24 - Reliability Engineering

Previous: 23 - Data Pipelines & ETL | Next: 25 - Monitoring, Logging & Tracing


Why This Matters in Interviews

Every FAANG system design question implicitly asks: "What happens when things fail?" Reliability engineering is how you answer. Interviewers want to see you reason about failure modes, recovery strategies, and the business trade-offs behind uptime targets.


SLA / SLO / SLI

SLI (measurement) --> SLO (target) --> SLA (contract)

Example:
  SLI: "p99 latency of /checkout endpoint = 340ms"
  SLO: "p99 latency of /checkout < 500ms, 99.9% of the time"
  SLA: "If p99 latency exceeds 500ms for >0.1% of requests/month,
        customer receives 10% credit"
TermDefinitionOwned ByExample
SLI (Service Level Indicator)Quantitative metric measuring service behaviorEngineeringRequest latency, error rate, throughput
SLO (Service Level Objective)Target value for an SLIEngineering + Product99.95% availability per month
SLA (Service Level Agreement)Contract with consequences if SLO is breachedBusiness + LegalFinancial penalties, credits

Common SLIs

SLIMeasurementGood For
AvailabilitySuccessful requests / total requestsAPI services
Latencyp50, p95, p99 response timeUser-facing services
ThroughputRequests per second processedData pipelines
Error rate5xx responses / total responsesAny HTTP service
DurabilityData loss events per yearStorage systems
FreshnessAge of most recent data updateAnalytics, search index

Nines Table

AvailabilityDowntime/yearDowntime/monthDowntime/day
99% (two 9s)3.65 days7.3 hours14.4 min
99.9% (three 9s)8.77 hours43.8 min1.44 min
99.95%4.38 hours21.9 min43.2 sec
99.99% (four 9s)52.6 min4.38 min8.64 sec
99.999% (five 9s)5.26 min26.3 sec0.86 sec

Error Budgets

The error budget is the inverse of the SLO: how much failure is tolerable.

SLO = 99.95% availability
Error budget = 0.05% = 21.9 minutes of downtime per month

Budget remaining:  [=============-----]  78% remaining
                    ^                ^
               Used: 4.8 min    Budget: 21.9 min

When budget is healthy: Ship features, take risks, deploy frequently When budget is burning: Slow down releases, focus on reliability work When budget is exhausted: Feature freeze, all hands on reliability

This creates a data-driven negotiation between velocity and reliability.


Failure Modes

Failure ModeDescriptionExampleDetection Difficulty
Crash failureProcess stops entirelyOOM kill, segfaultEasy (health check fails)
Omission failureFails to send/receive messagesDropped packets, full queueMedium (timeout needed)
Timing failureResponse outside time boundsSlow query, GC pauseMedium (latency monitoring)
Response failureIncorrect responseBug returns wrong dataHard (needs validation)
Byzantine failureArbitrary/malicious behaviorCorrupted memory, hacked nodeVery hard (needs consensus)

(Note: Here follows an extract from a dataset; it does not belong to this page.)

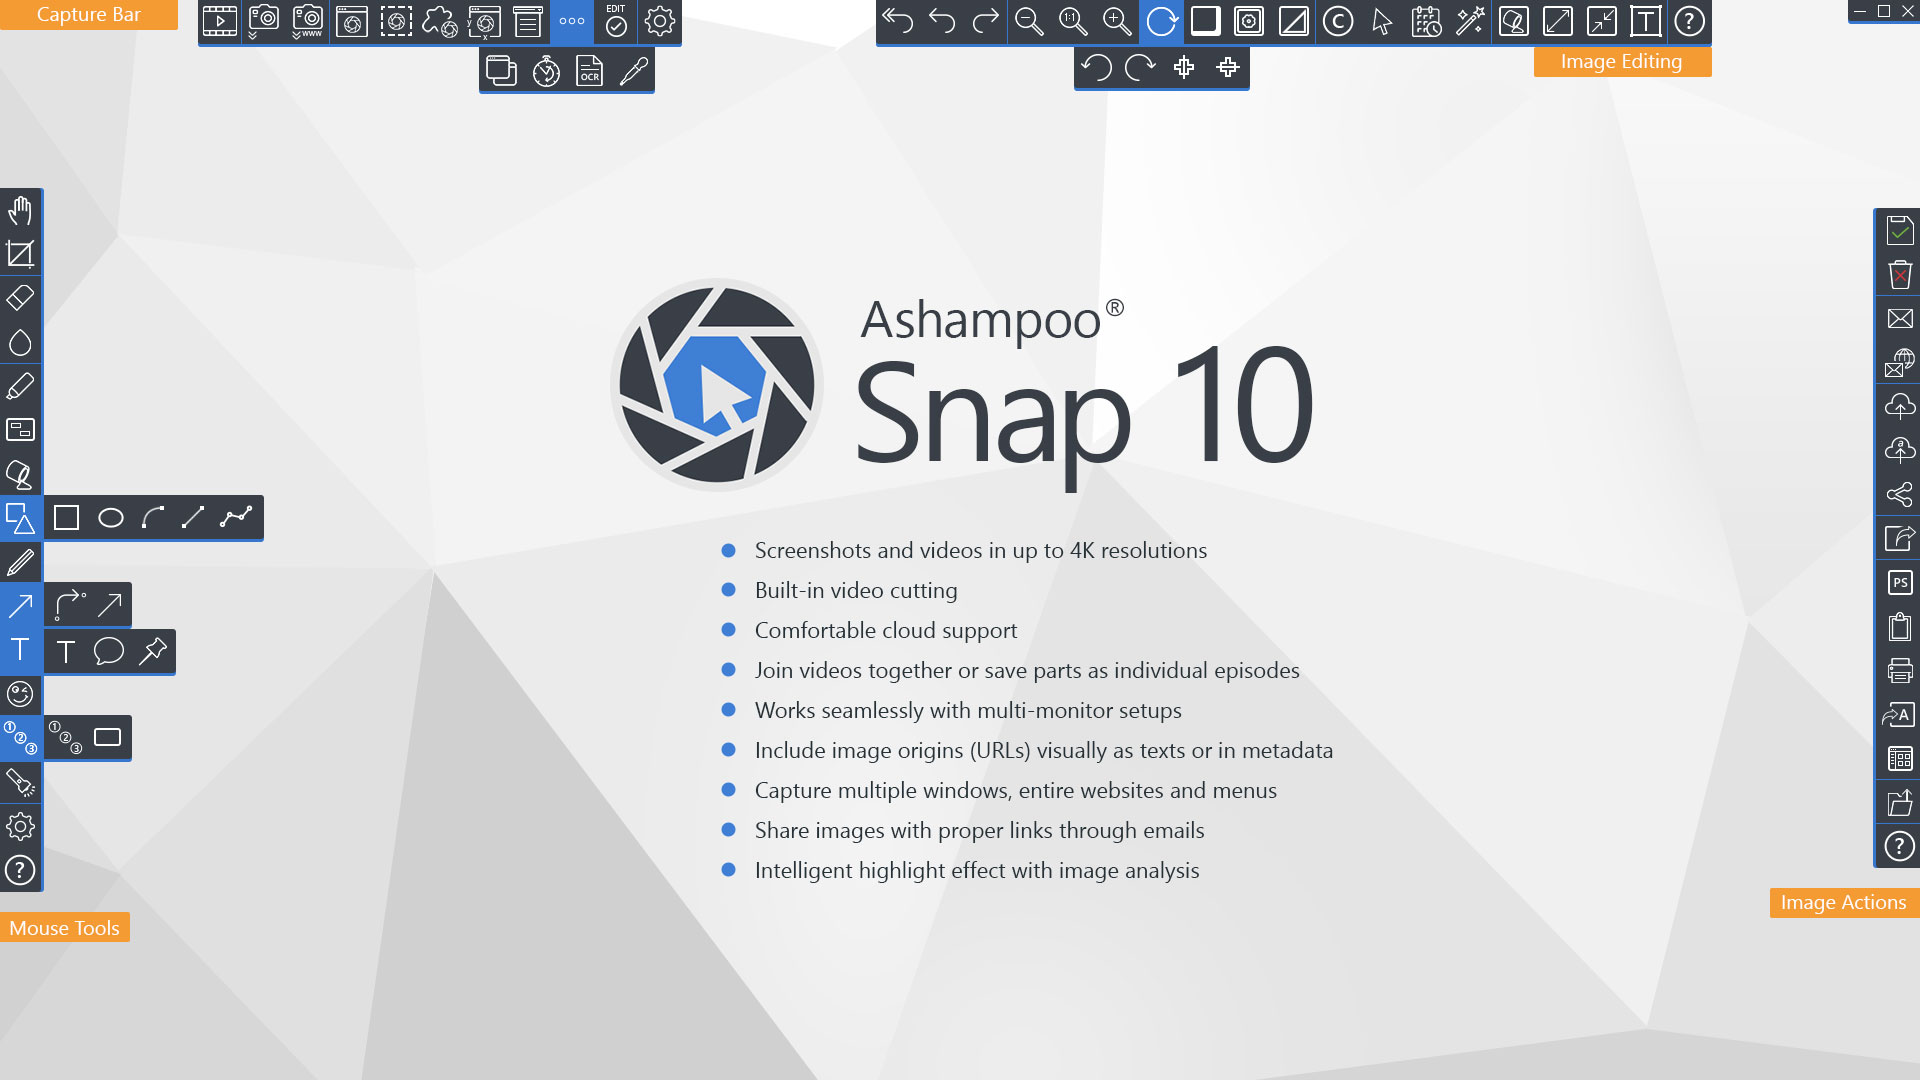 [Image: scr_ashampoo_snap_10_overview_functions_en.jpg]

Fail-Stop vs Fail-Silent vs Byzantine

Fail-Stop:    Node crashes and everyone knows it's down
Fail-Silent:  Node stops responding but doesn't announce failure
Byzantine:    Node sends conflicting/incorrect messages to different peers

Circuit Breaker Pattern

Prevents cascading failures by stopping calls to a failing service.

States

        success              failure threshold
  +------+-----+      +--------+---------+
  |             |      |                  |
  v             |      v                  |
CLOSED ----[failures >= threshold]----> OPEN
  ^                                      |
  |                                      | (timeout expires)
  |                                      v
  +-------[success]------- HALF-OPEN <---+
  |                            |
  +-------[failure]------------+
                            (back to OPEN)
StateBehaviorTransitions
ClosedRequests pass through normally; failures counted--> Open (threshold hit)
OpenAll requests fail fast (no calls to downstream)--> Half-Open (after timeout)
Half-OpenAllow limited probe requests to test recovery--> Closed (probes succeed) or Open (probes fail)

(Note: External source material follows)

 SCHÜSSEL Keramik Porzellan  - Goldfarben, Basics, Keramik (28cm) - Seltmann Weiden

Implementation Considerations

  • Track failures in a rolling window (not cumulative)
  • Configure per-dependency (payment service vs image service)
  • Return fallback responses when open (cached data, defaults, graceful error)
  • Log state transitions for observability

Bulkhead Pattern

Isolates components so failure in one doesn't sink everything.

Without bulkhead:
  [Shared Thread Pool: 100 threads]
  Service A (stuck) uses 98 threads --> Service B, C starved

With bulkhead:
  [Pool A: 40 threads] [Pool B: 30 threads] [Pool C: 30 threads]
  Service A (stuck) uses 40 threads --> B and C unaffected

Types:

  • Thread pool isolation: Separate thread pools per dependency
  • Connection pool isolation: Separate DB/HTTP connection pools
  • Process isolation: Separate containers/pods per service
  • Regional isolation: Separate failure domains (AZ, region)

Retry Strategies

Exponential Backoff with Jitter

Attempt 1: wait 0ms        (immediate)
Attempt 2: wait ~200ms     (base * 2^1 + jitter)
Attempt 3: wait ~800ms     (base * 2^2 + jitter)
Attempt 4: wait ~3200ms    (base * 2^3 + jitter)
Attempt 5: give up

Without jitter (thundering herd):
  All clients retry at: 100ms, 200ms, 400ms, 800ms  <-- synchronized spikes

With jitter:
  Client A: 87ms, 230ms, 510ms, 900ms
  Client B: 120ms, 180ms, 620ms, 1100ms   <-- spread out

Retry Decision Matrix

ConditionShould Retry?Why
500 Internal Server ErrorYesLikely transient
503 Service UnavailableYesServer overloaded temporarily
429 Too Many RequestsYes (with backoff)Rate limited, wait and try
400 Bad RequestNoClient error, retrying won't help
404 Not FoundNoResource doesn't exist
TimeoutYes (carefully)May cause duplicate if request succeeded
Connection refusedYesServer may be restarting

Key Rules

  • Always set a max retry count (avoid infinite loops)
  • Always add jitter (avoid thundering herd)
  • Ensure idempotency (retries may duplicate the request)
  • Use retry budgets (limit total retries across all clients)

Timeout Strategies

Client --> Gateway --> Service A --> Service B --> Database

Timeouts must cascade inward:
  Client timeout:    10s
  Gateway timeout:    8s
  Service A timeout:  5s
  Service B timeout:  3s
  DB query timeout:   1s
StrategyDescriptionWhen to Use
Connect timeoutMax time to establish connectionAlways (short: 1-3s)
Read timeoutMax time waiting for responseAlways (based on SLO)
Deadline propagationPass remaining time budget downstreamMicroservices chains
Adaptive timeoutAdjust based on p99 of recent callsHigh-traffic services

Anti-pattern: No timeout at all. A single hung connection can exhaust the thread pool.


Graceful Degradation

When the system is under stress, serve reduced functionality rather than failing entirely.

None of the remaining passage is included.